Seguro que a muchos lectores les suena el caso de Rafael Ricardi, aquel hombre que estuvo 13 años en prisión por una violación que no cometió. Cuentan que cuando el 25 de julio de 2008, tras reconocerse el error judicial, Ricardi salió de la cárcel de Topas, tomó aire y dijo:

-Se equivocaron y me han quitado media vida. Al menos que me ayuden. ¿Puedo irme ya a casa?

Seis años después de su liberación, el 2 de junio de 2014 para ser exactos, Rafael Ricardi, también conocido como El caballito, fue hallado muerto en su casa del Puerto de Santa María.
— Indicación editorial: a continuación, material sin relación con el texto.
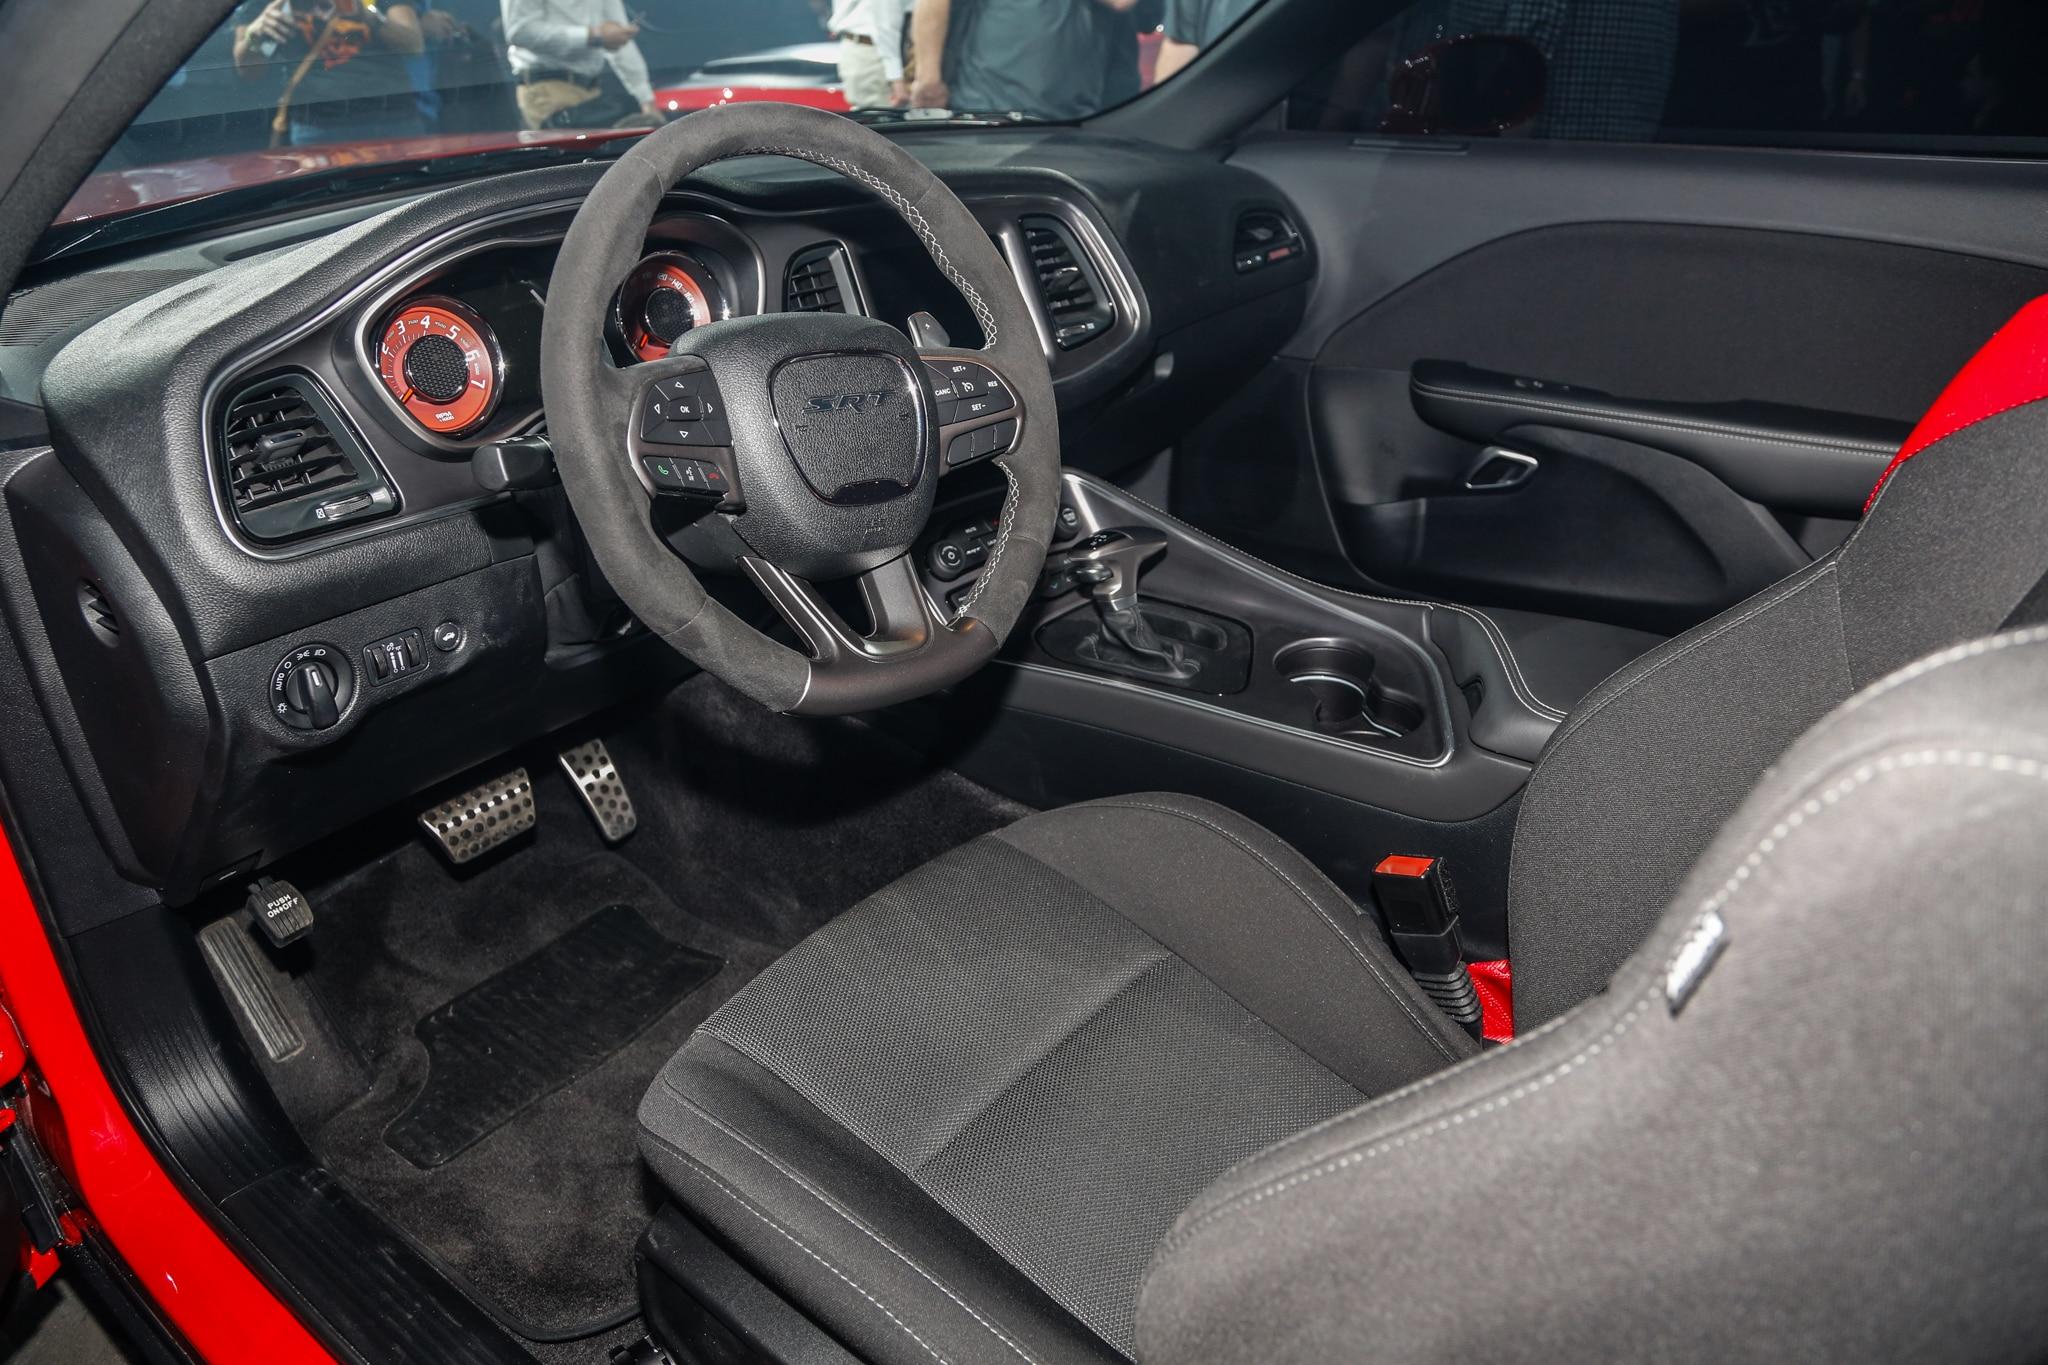 Dodge Challenger Srt Demon Interior View
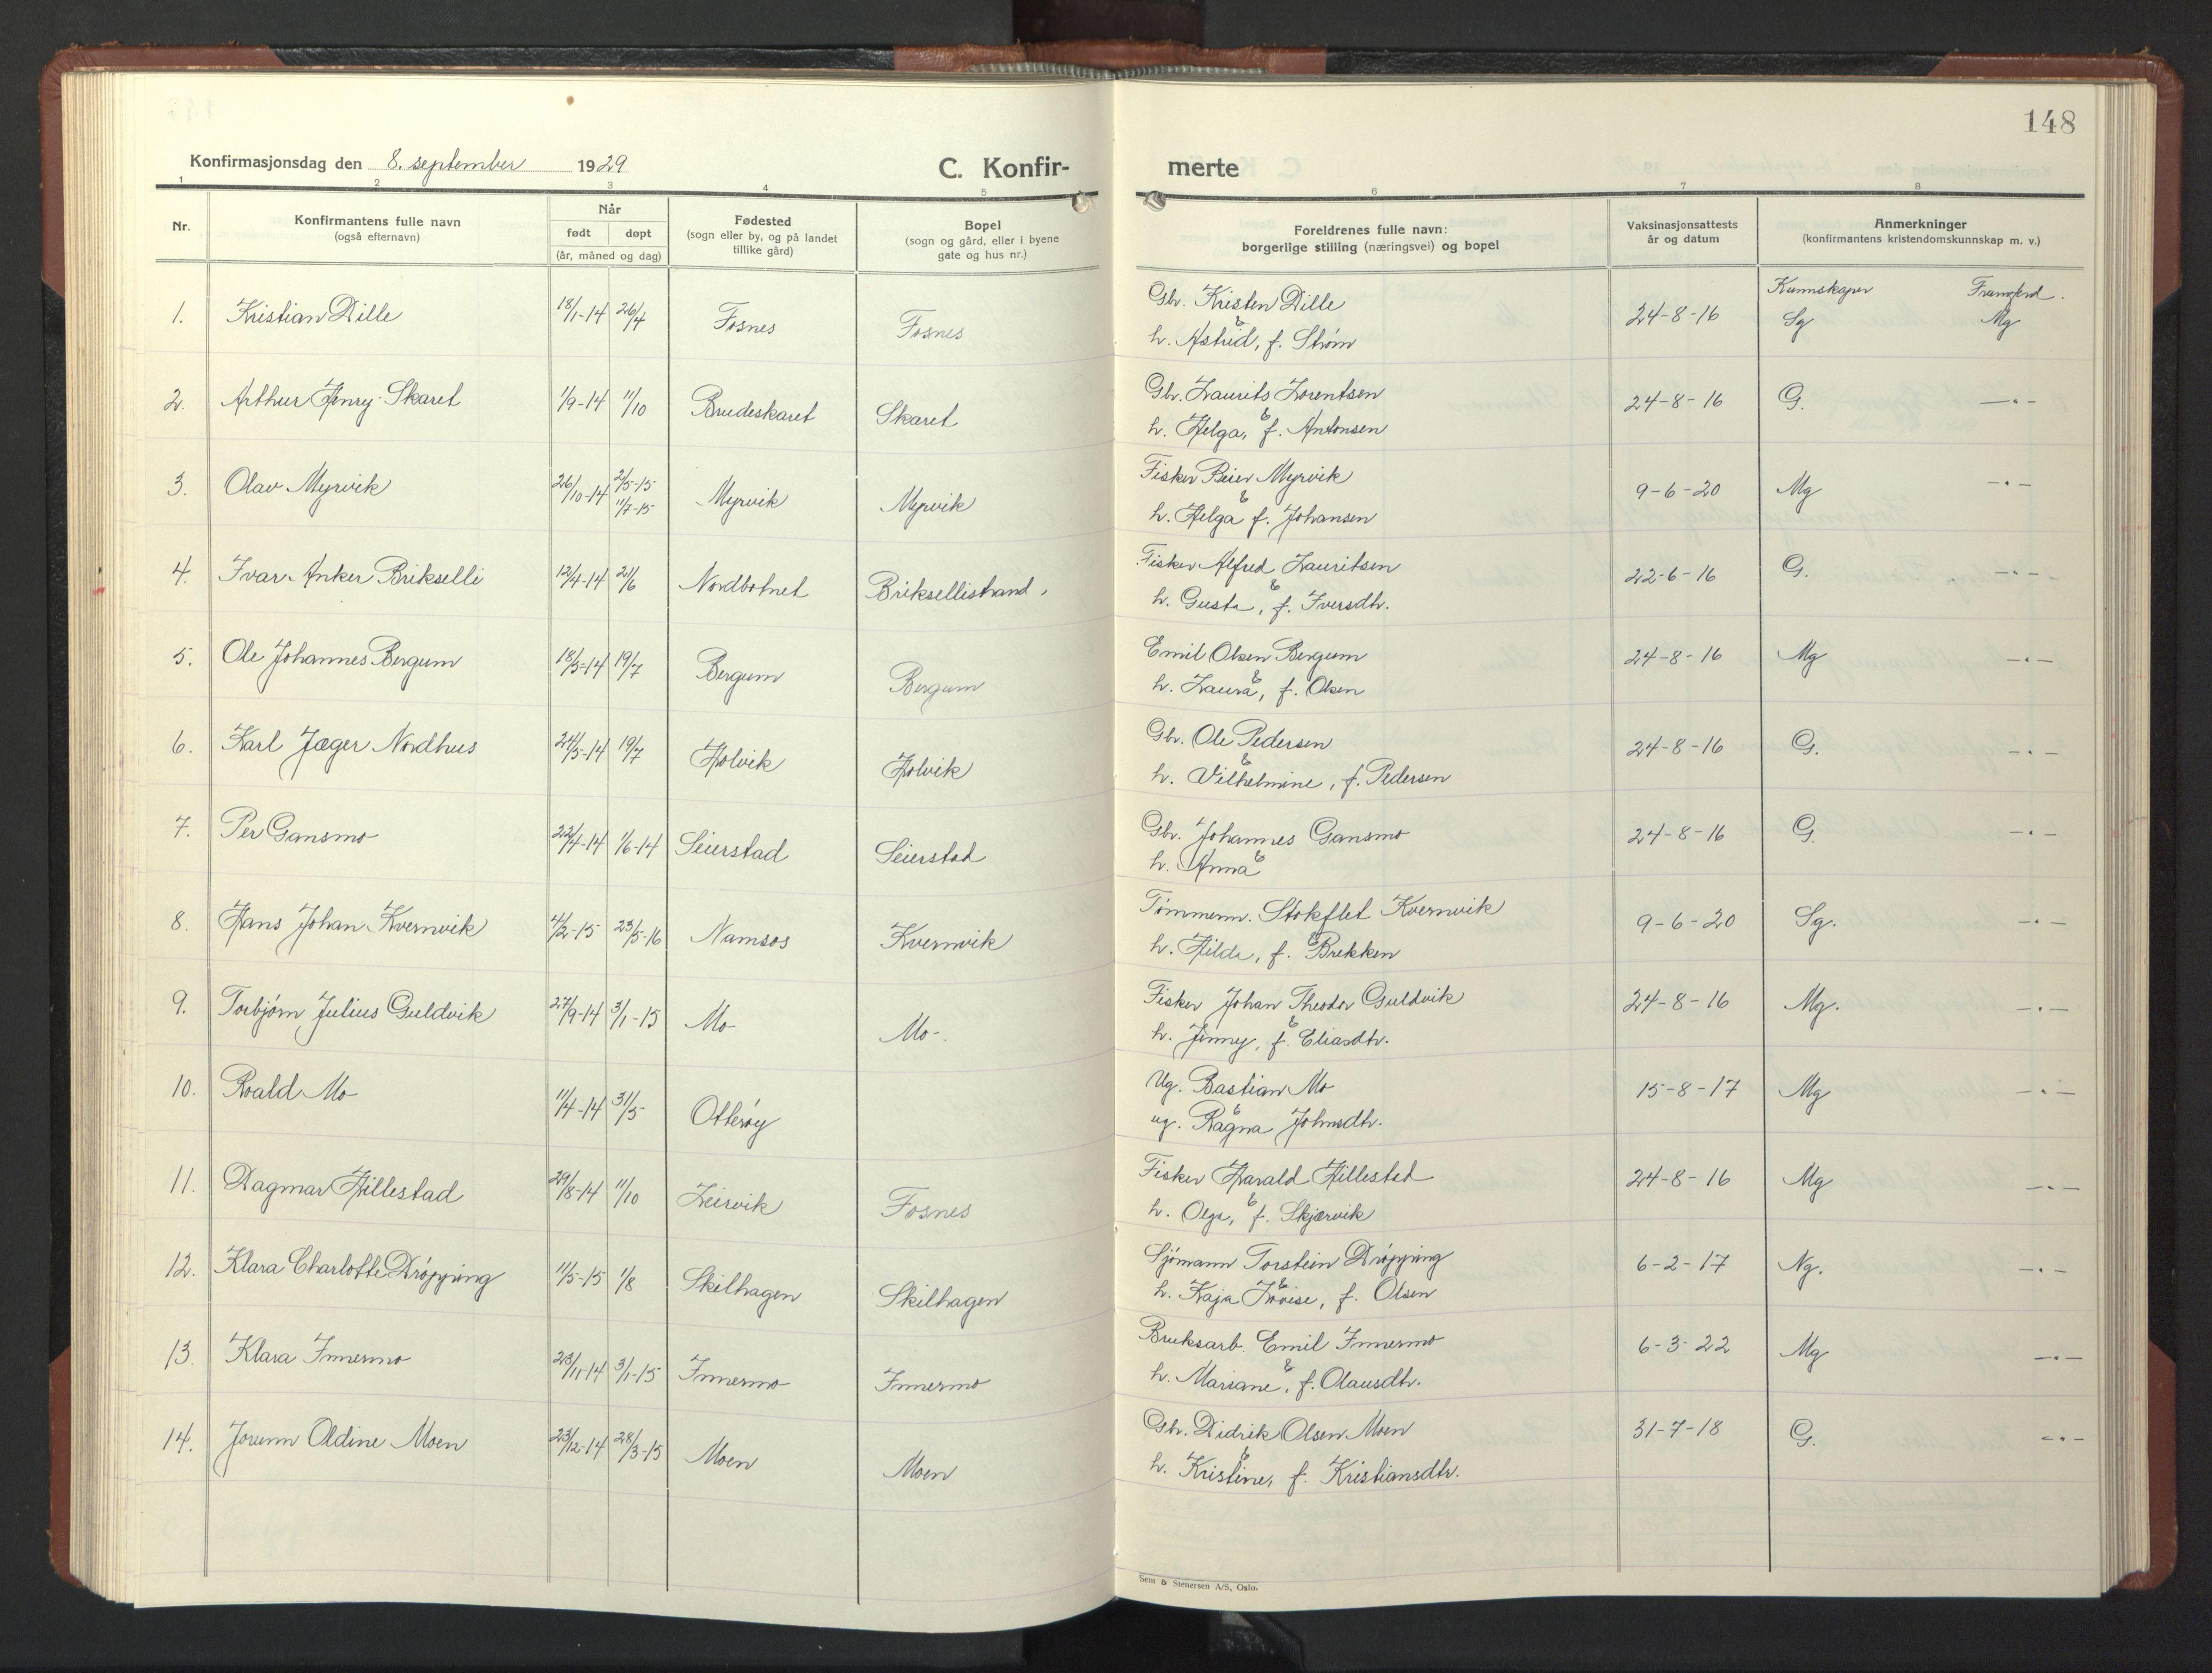 SAT, Ministerialprotokoller, klokkerbøker og fødselsregistre - Nord-Trøndelag, 773/L0625: Klokkerbok nr. 773C01, 1910-1952, s. 148

Este asunto, como todos los que, desde el pasado 25 de octubre, Ana María Ortiz viene publicando en estas mismas páginas con el rótulo de Inocentes, donde habla de las condenas erróneas de un abogado al que confundieron con un atracador, la del holandés llamado Van der Dussen que fue condenado a 15 años de prisión por tres agresiones sexuales en las que nada tuvo que ver, la de un colombiano acusado de asaltar una sucursal de Caja Madrid en la localidad de Cigales (Valladolid) donde jamás estuvo y la de Jorge Casaleiro que se pasó tres años y dos meses por el robo de 50 euros a un septuagenario al que ni siquiera conocía, me trae a la memoria el de aquella madre heroica de Chicago que en 1944 luchó hasta la extenuación y se gastó todos sus ahorros para demostrar la inocencia de su hijo condenado por un asesinato en el que no intervino. La historia se llevó al cine con el titulo de Call Northside 777.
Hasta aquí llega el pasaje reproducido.